At this level in life, I’d somewhat put money into different areas by way of RE crowdfunding. Being a landlord is a good way to construct wealth, however I must be a extra passive investor sooner or later.
The duplex is round 2,000 sq. ft so it’s actually not that massive. Ultimately, I plan to rework the unfinished basement so we are able to have extra dwelling area. It’ll take us some time to get it completed, although.
*New buyers can begin with this – Methods to Begin Investing in Rental Property.
Dividend Earnings: $3,657
Dividend earnings is my favourite type of passive earnings. Traders personal a small a part of these public firms they usually be just right for you. Just lately, I modified my focus from dividends to complete portfolio progress. Mrs. RB40 plans to maintain working for some time so we don’t want the earnings. It’s higher to delay paying taxes till our earnings is decrease. When Mrs. RB40 retires, I’ll refocus on dividend earnings. For those who’re a brand new investor, here’s a useful put up – Methods to Begin Investing in Dividend Shares.
As for reinvestment, I don’t DRIP. I simply accumulate the dividend and put money into a inventory or actual property crowdfunding. This yr I hoped to generate $14,000 from our dividend portfolio.
For brand new buyers, I extremely advocate Firstrade. Firstrade is a wonderful low cost brokerage that I used for a few years. A lot of their buying and selling charges are $0 now. That’s nice information for younger buyers. I bear in mind paying $80 per commerce after I began investing.
Robinhood can be fairly good for a brand-new investor. You can begin investing with only a small quantity. Even $100 could be a fantastic begin.

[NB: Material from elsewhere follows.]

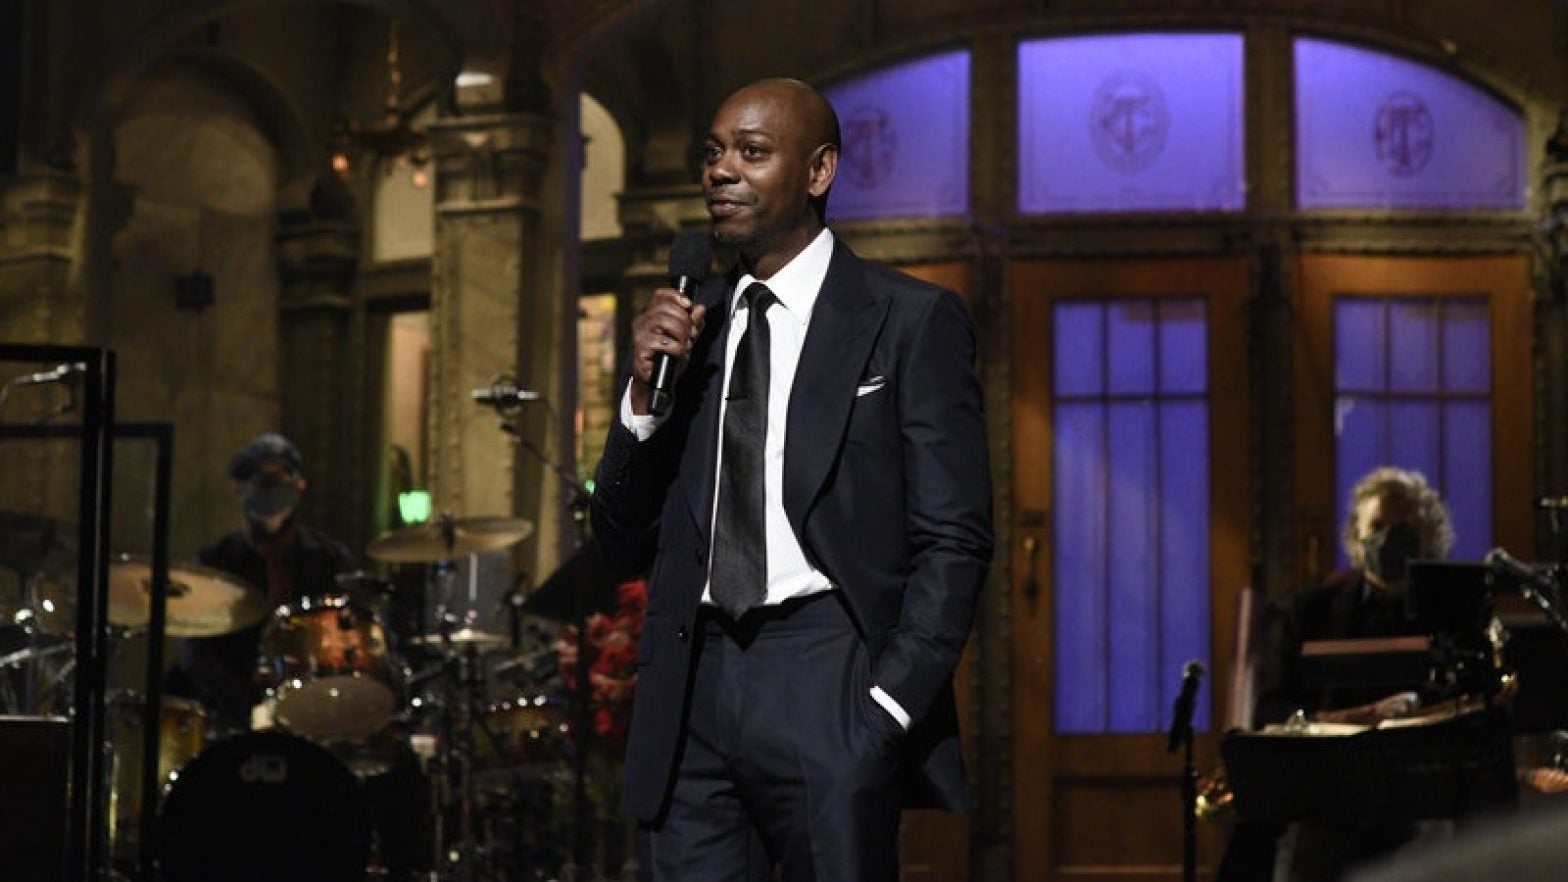 Dave Chappelle Sounds The Racial Alarm With His 'Saturday Night Live' Post-Election Monologue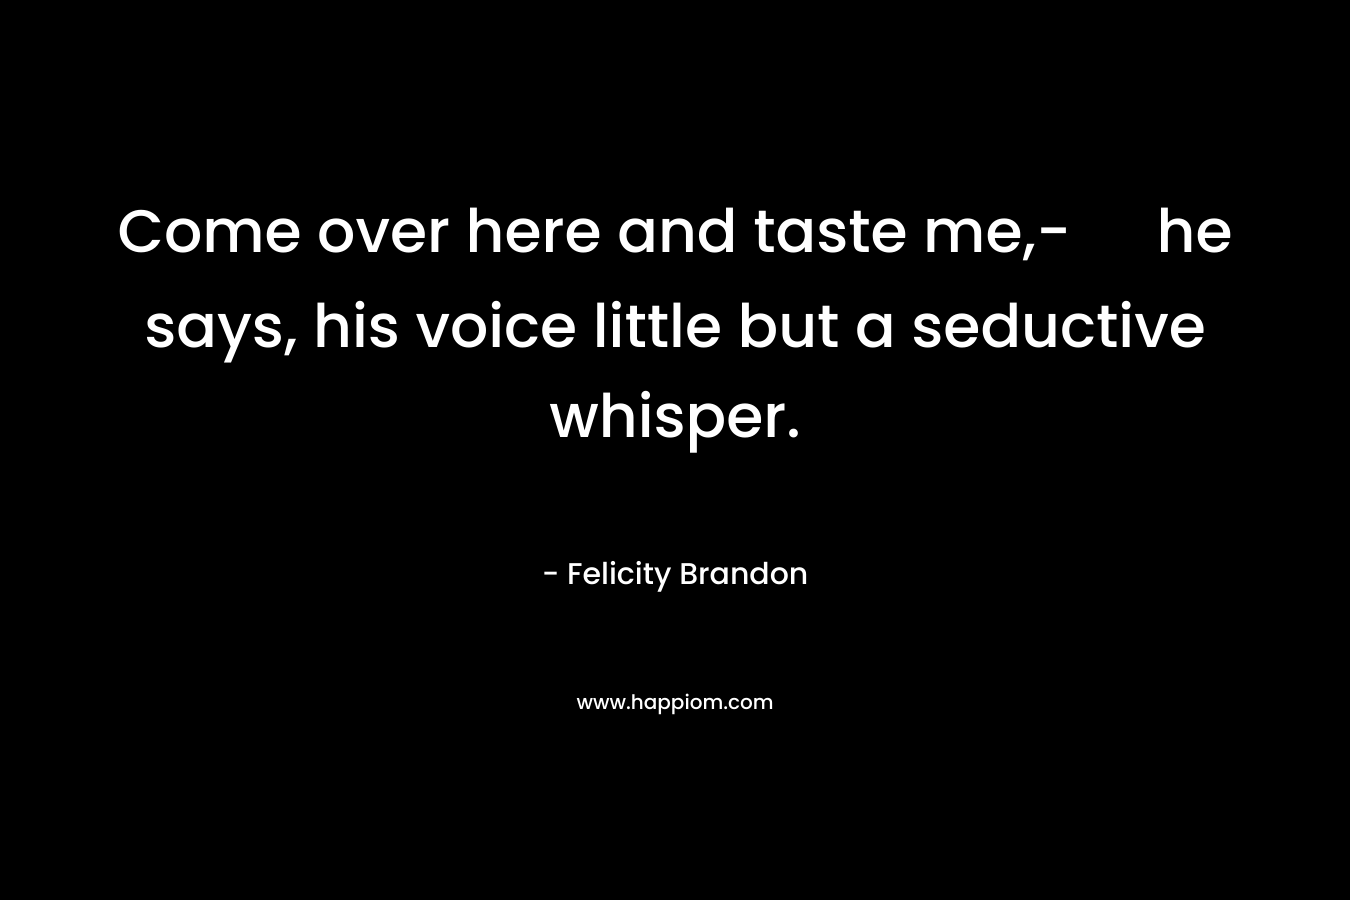 Come over here and taste me,- he says, his voice little but a seductive whisper. – Felicity Brandon

Tax-advantaged Earnings: $6,064
New buyers ought to learn these posts first.
The cash in these retirement accounts isn’t simply accessible at the moment (I’m 50), however they nonetheless rely as passive earnings. As soon as we each retire full-time, we’ll construct a Roth IRA ladder to entry our conventional IRAs so we don’t should pay the ten% early withdrawal penalty.

Q1 2023 Passive Earnings Wrap

Up to now, it doesn’t look so good. Nevertheless, passive earnings and bills are each lumpy. I’m fairly positive it can work out by the top of the yr. We normally catch up in December after I get all of the numbers in. It’ll be attention-grabbing to see if actual property crowdfunding will ship this yr. Final yr was a fantastic yr and we bought a giant payout.
Passive earnings has been nice for us. It stored delivering by way of the roughest a part of the pandemic. I’m assured passive earnings will hold rolling sooner or later when Mrs. RB40 and I are each totally retired. Now, let’s hope inflation goes again to 2%. That’s the opposite a part of the equation.
What about you? How is your passive earnings doing in 2023?
Actual property funding ought to do effectively over the subsequent few years. We nonetheless have a housing scarcity within the US and folks have to stay someplace. Try CrowdStreet if you wish to generate passive earnings from business actual property. It’s means simpler than being a landlord. Though, I’m unsure how the rising rate of interest will change issues. It most likely will probably be tougher to exit a undertaking if the speed retains rising. Keep tuned.
Passive earnings is the important thing to early retirement. This yr, Joe is investing in business actual property with CrowdStreet. They’ve many initiatives throughout the USA so verify them out!
Joe additionally extremely recommends Private Capital for DIY buyers. They’ve many helpful instruments that can assist you attain monetary independence.